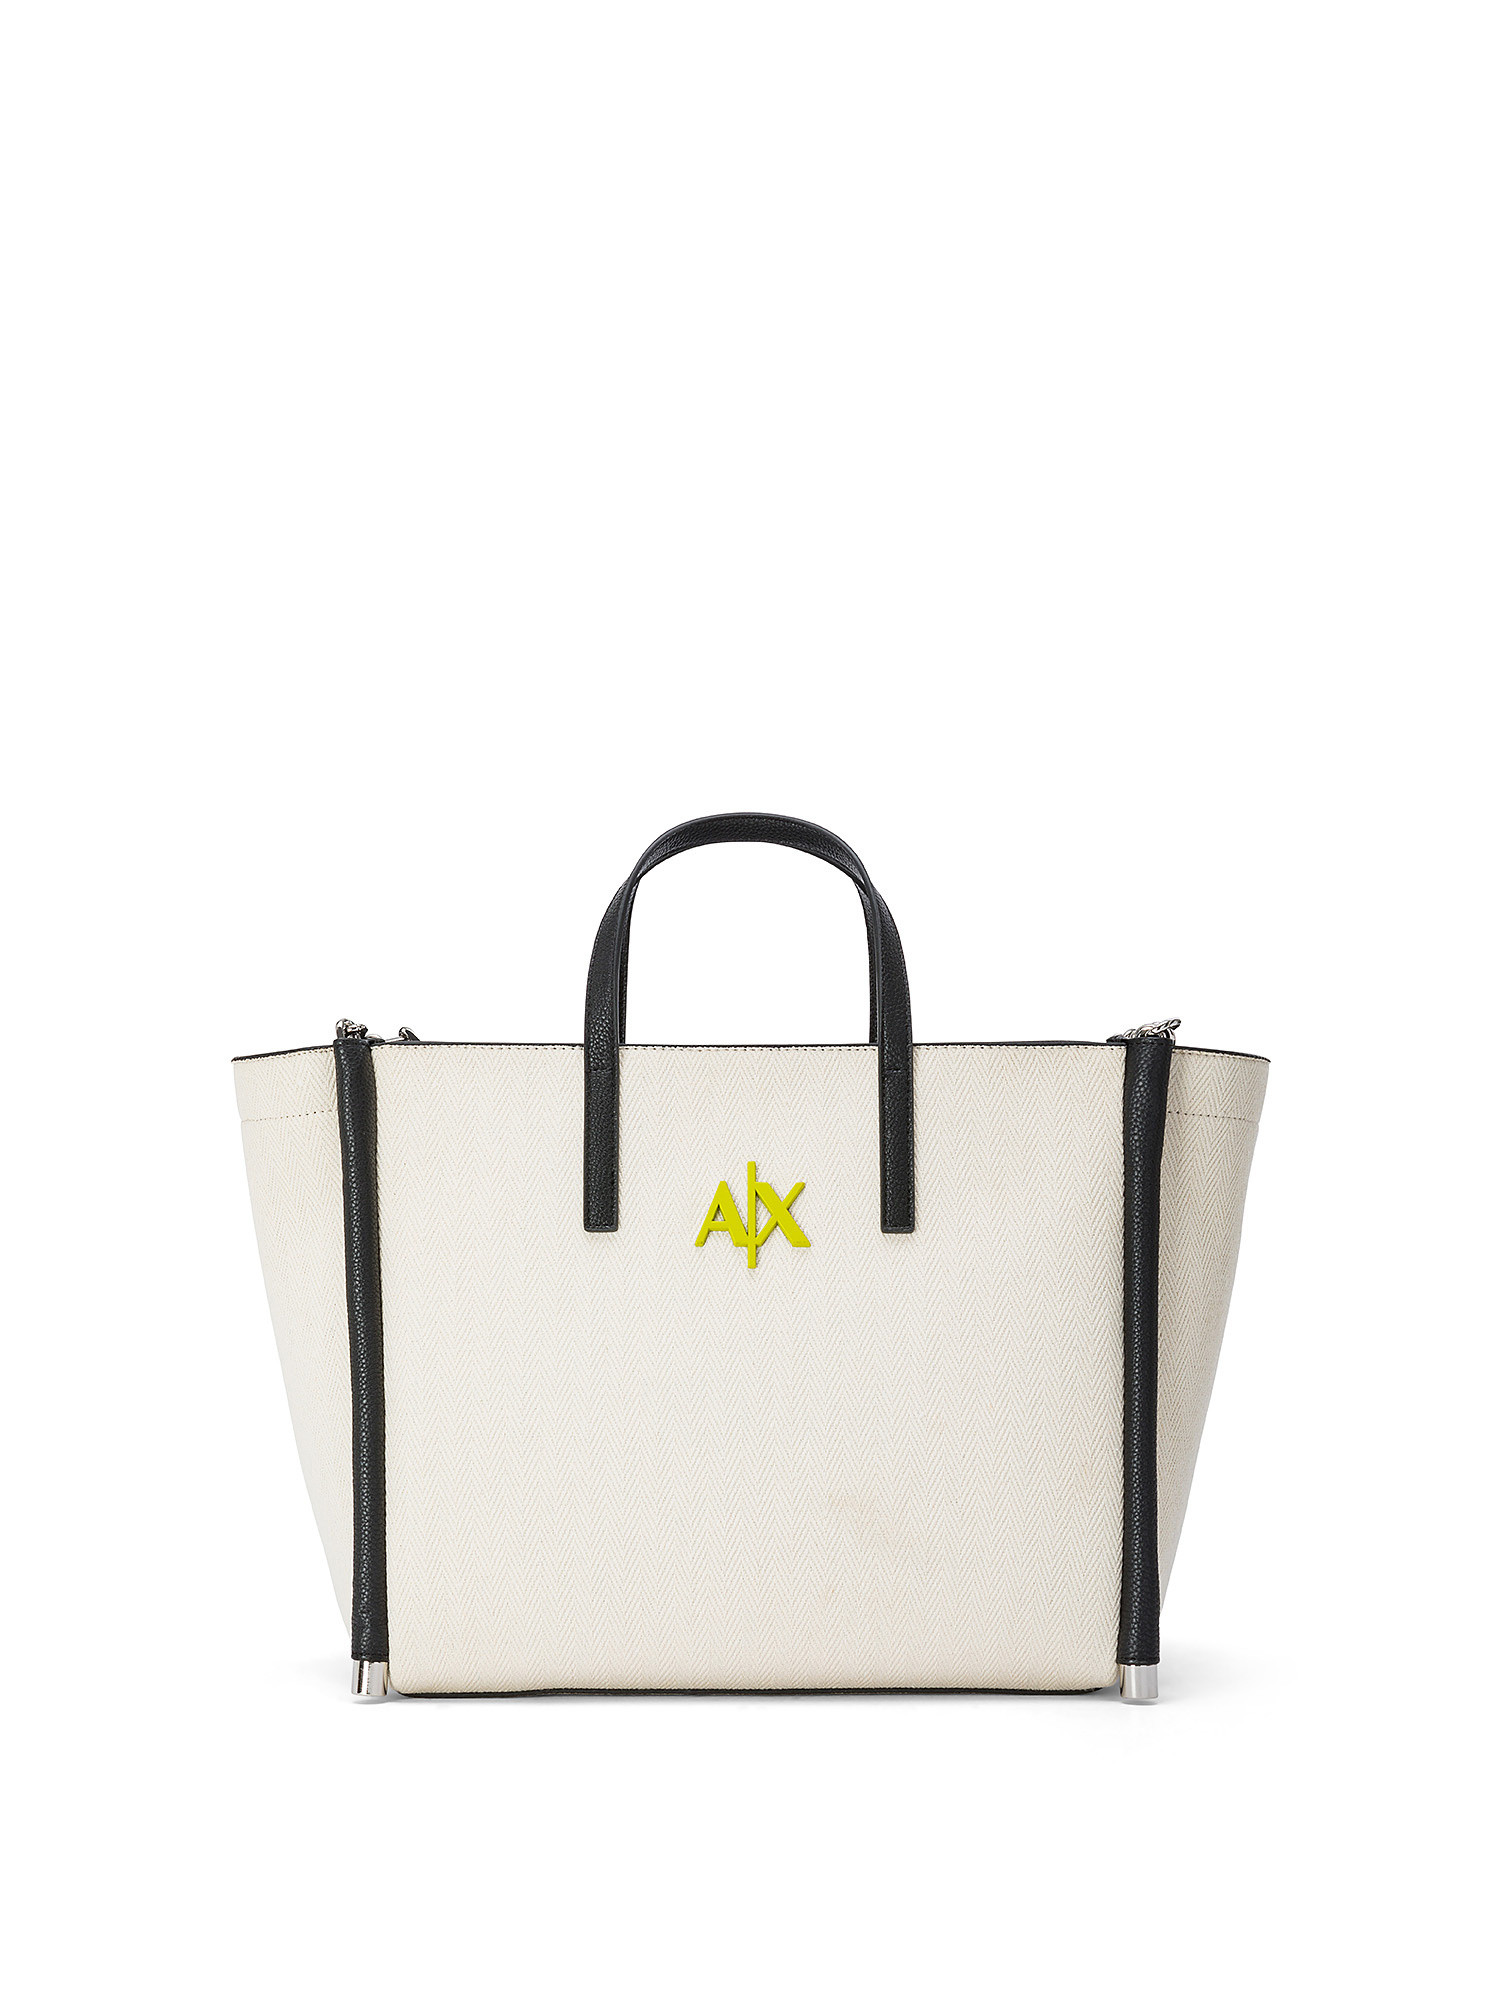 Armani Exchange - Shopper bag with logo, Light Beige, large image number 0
...
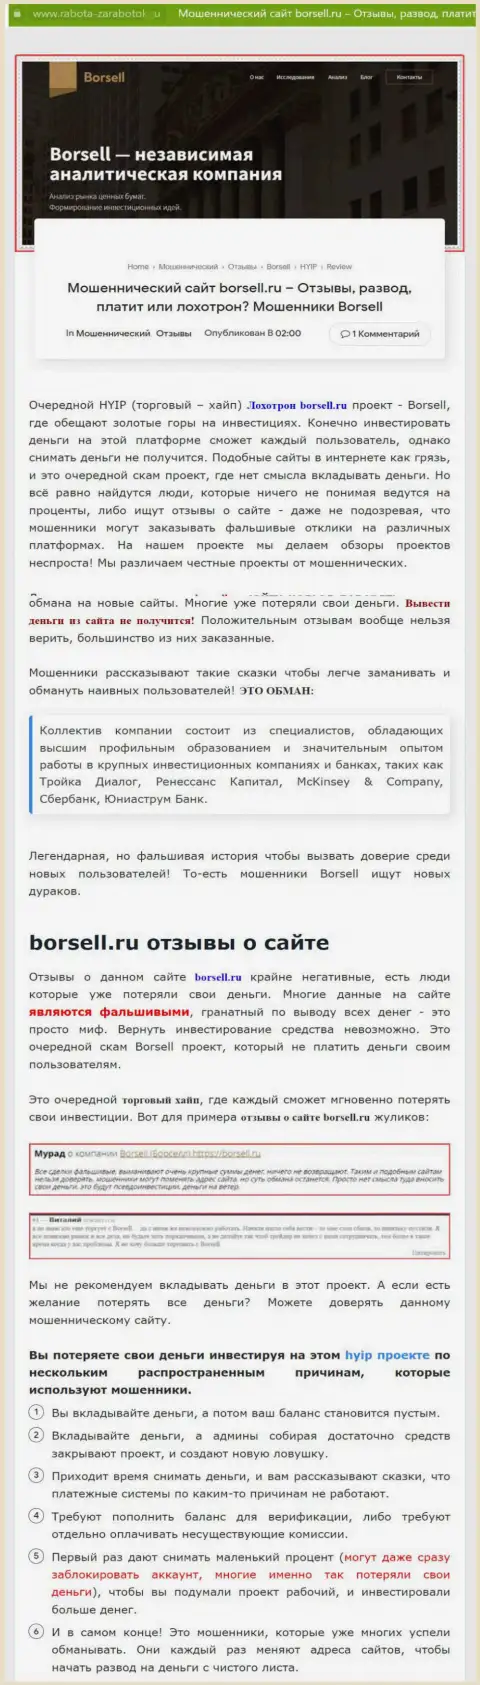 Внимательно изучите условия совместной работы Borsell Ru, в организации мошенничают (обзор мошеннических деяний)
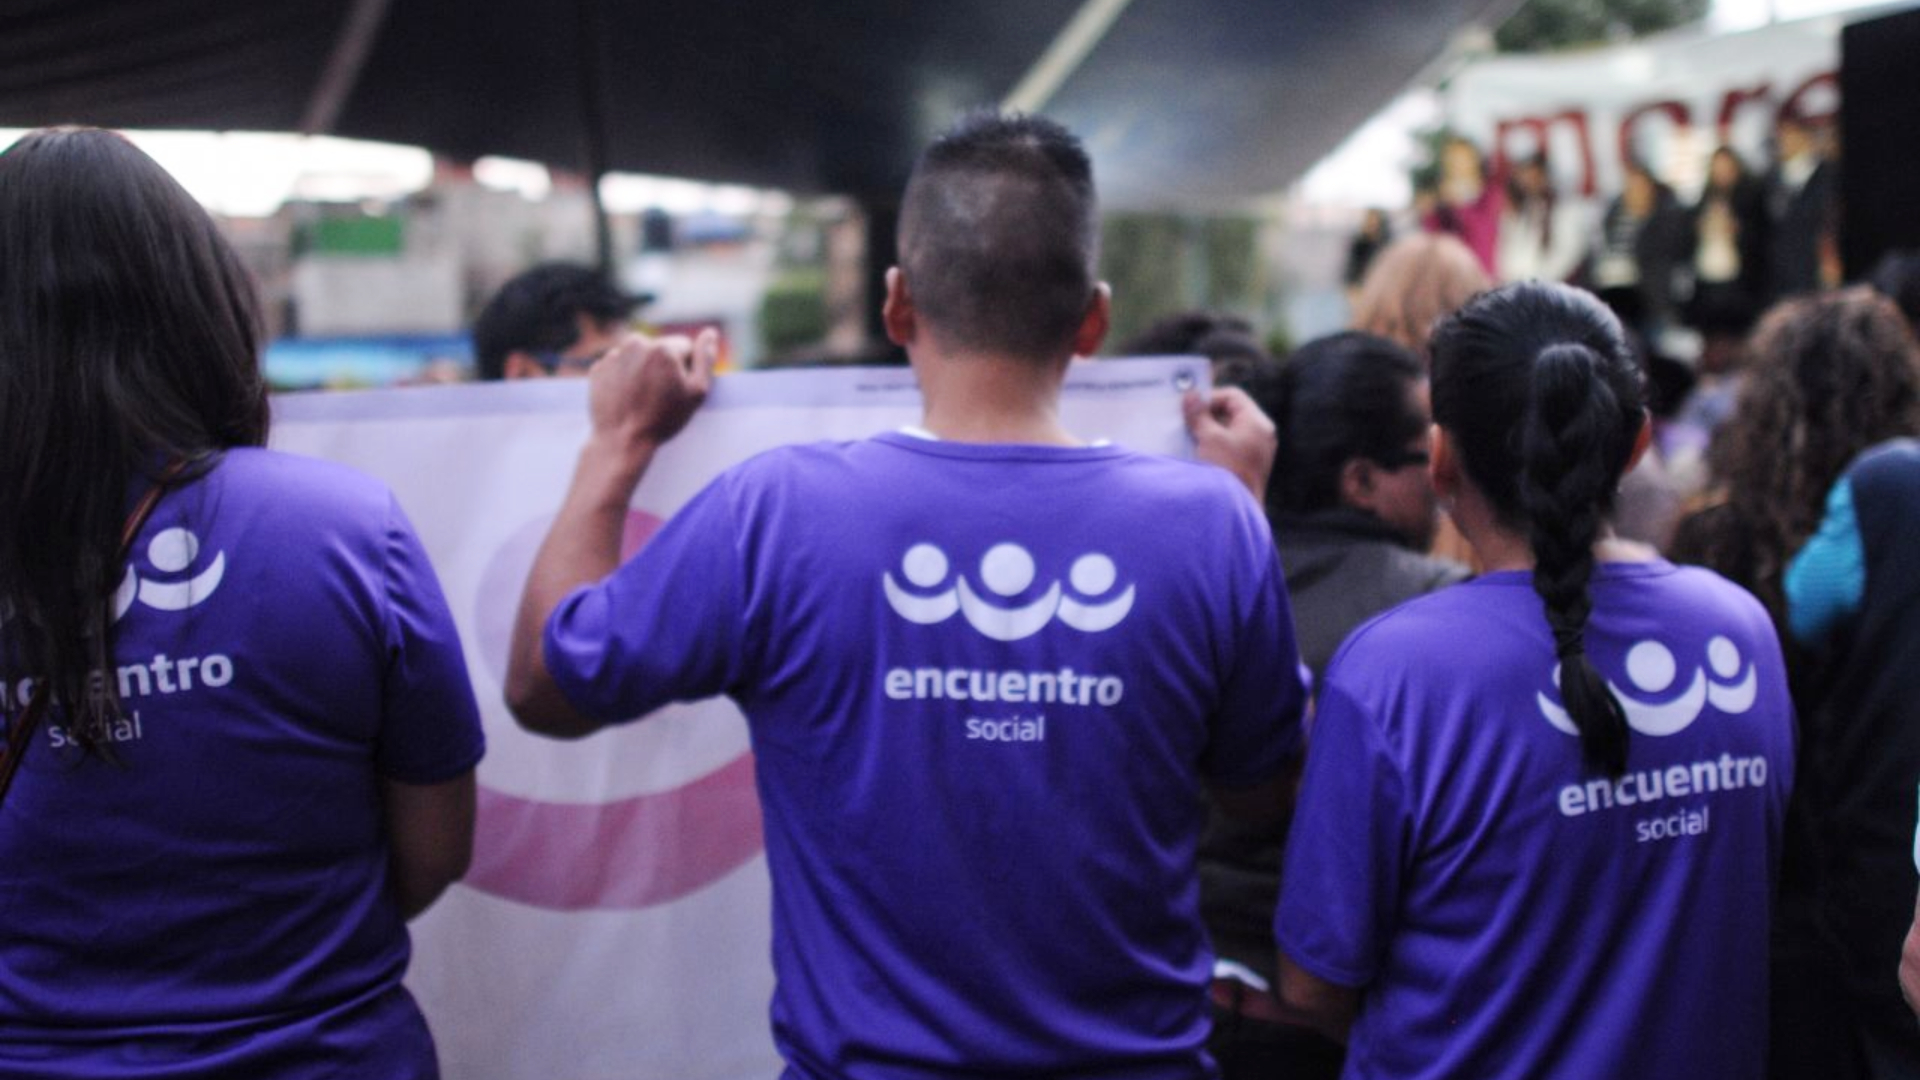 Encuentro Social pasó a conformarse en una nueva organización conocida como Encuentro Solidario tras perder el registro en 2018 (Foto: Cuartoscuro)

• Exercise aim: With the pictures removed from your copy, retype the lines above from the one that contains "Внимательно изучите условия" through the one that contains "Encuentro Social pasó", exactly.

• The answer:
 Внимательно изучите условия совместной работы Borsell Ru, в организации мошенничают (обзор мошеннических деяний)
 Encuentro Social pasó a conformarse en una nueva organización conocida como Encuentro Solidario tras perder el registro en 2018 (Foto: Cuartoscuro)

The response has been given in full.